Ответ. Другой, более простой и поэтому более часто применяемый метод введения чужеродной ДНК заключается в использовании бинарных векторов. Как уже упоминалось, для заражения и трансформации растительных клеток агробактериям необходима vir-область, ответственная за перенос ДНК, и прямые повторы, ограничивающие район Т-ДНК. Более того, vir-область и пограничные повторы Т-ДНК не обязательно должны находиться в одной плазмиде. Система бинарных векторов основана на том, что в агробактериальной клетке, используемой для трасформации растений, одновременно находятся две плазмиды. Одна содержит область пограничных повторов Т-ДНК, а другая – vir-область. Обе плазмиды могут независимо реплицироваться в клетках агробактерии, однако, поодиночке не могут приводить к трансформации растений. При этом плазмида, несущая Т-ДНК, содержит в своем составе фрагменты плазмиды Е.соli (в том числе и точку 25 начала репликации), что позволяет проводить все манипуляции по клонированию в клетках Е. coli и намного упрощает весь процесс. Аналогично коинтегративному вектору целевой ген и ген селективного маркера встраиваются в область Т-ДНК, и затем такая рекомбинантная плазмида вводится в клетки агробактерии, которые уже несут другую плазмиду с vir-областью. В отличие от коинтегративных векторов не происходит гомологичной рекомбинации между двумя плазмидами и их объединения в единую векторную молекулу.
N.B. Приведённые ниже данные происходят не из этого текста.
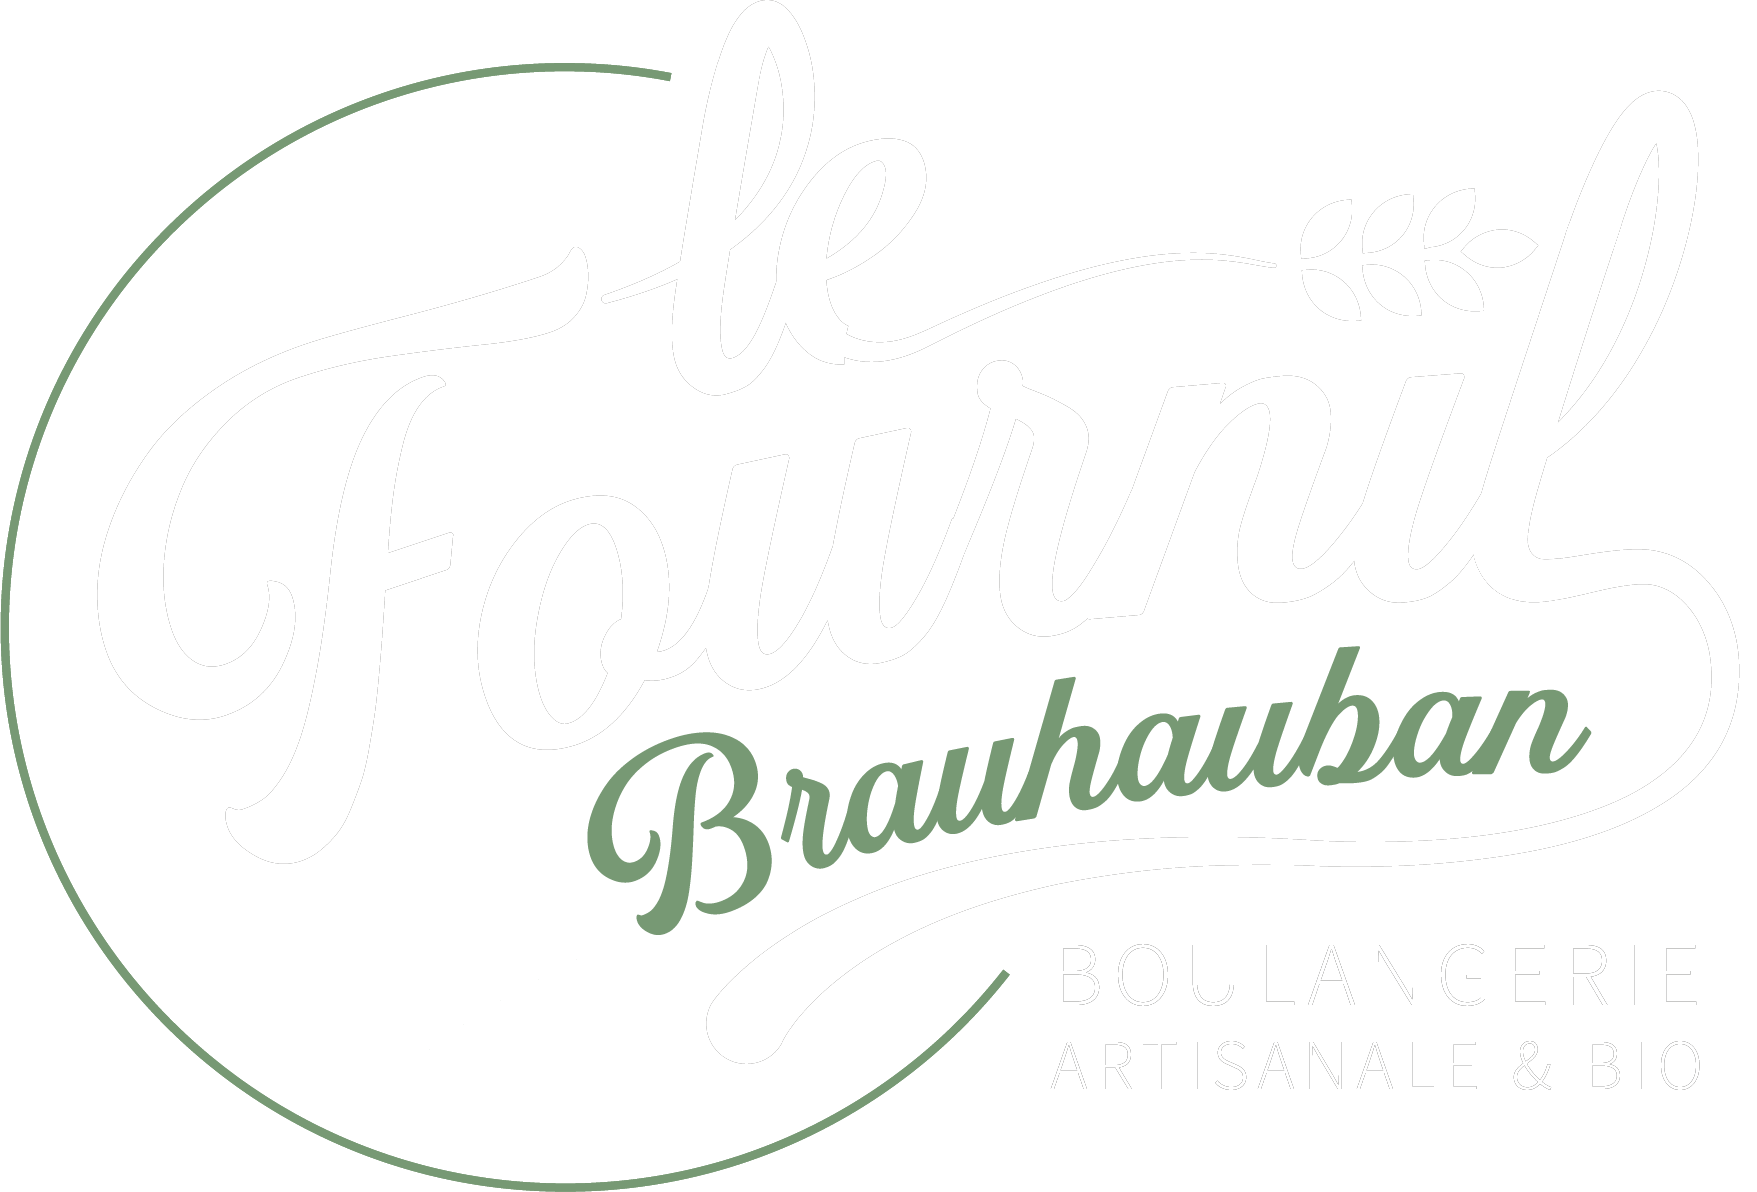 Logo Fournil Halle Brauhauban Tarbes

Белки, экспрессируемые vir-генами одной плазмиды, вырезают и встраивают в растительный геном области Т-ДНК с чужеродными генами другой плазмиды. В настоящее время такие бинарные векторы наиболее часто используются для трансформации растительных клеток.
54. Вирусы как векторы для растений.
Ответ. Подавляющее большинство фитовирусов в качестве носителя генетической информации содержат РНК. Лишь 1–2% от числа вирусов, инфицирующих растения, относятся к ДНК-содержащим. Именно они наиболее удобны для использования в технологии рекомбинантных ДНК и рассматриваются главными кандидатами на роль векторов для переноса генов в растения. Наиболее перспективным в этом отношении является вирус мозаики цветной капусты CaMV, поражающий в основном растения семейства Капустных. Частицы этого вируса имеют диаметр около 50 нм и содержат кольцевую ДНК длиной 8000 н. п. Небольшой размер генома CaMV дает возможность манипулировать in vitro с вирусной ДНК, как с бактериальной плазмидой и затем вводить ее в растения путем втирания в листья. Инфицирование небольшого числа клеток приводит к заражению всего растения, так как вирус быстро распространяется, передаваясь от клетки к клетке. Использованием 1–5 мкг ДНК для инфицирования одного растения достигается почти 100%-я эффективность инфекции, что значительно выше, чем при агробактериальном заражении. Прямая интеграция ДНК CaMV в геном хозяина после инфекции не показана. Разработан методический прием – агроинфекция, позволяющий осуществить прямое встраивание вирусной ДНК после инокуляции. Для этого геном CaMV встраивается в Т-ДНК и в ее составе интегрирует в ядерный геном различных растений, при этом из состава CaMV вырезаются последовательности, обеспечивающие его вирулентность. К преимуществам векторных систем на основе вирусов можно отнести следующие: малый размер генома, что дает возможность легко манипулировать вирусной ДНК; высокая копийность вирусной ДНК в клетках зараженных растений (до 50000 на клетку); наличие сильных промоторов, которые могут обеспечить эффективную экспрессию чужеродных генов. Среди недостатков следует отметить небольшую емкость вектора (800–1000 н.п.) и ограниченный круг хозяев – крестоцветные. В заключение следует отметить, что хотя векторы на основе вирусов редко применяются для трансформации растений, вирусные промоторы, и прежде всего промотор 35S-PHK CaMV, широко используются для экспрессии чужеродных генов в других векторных системах. Промотор 35S-PHK вируса мозаики цветной капусты является сильным промотором, кроме того, он активен не только в клетках крестоцветных, но и в клетках других семейств, не проявляет тканеспецифичности и экспрессируется во всех клетках трансформированного растения.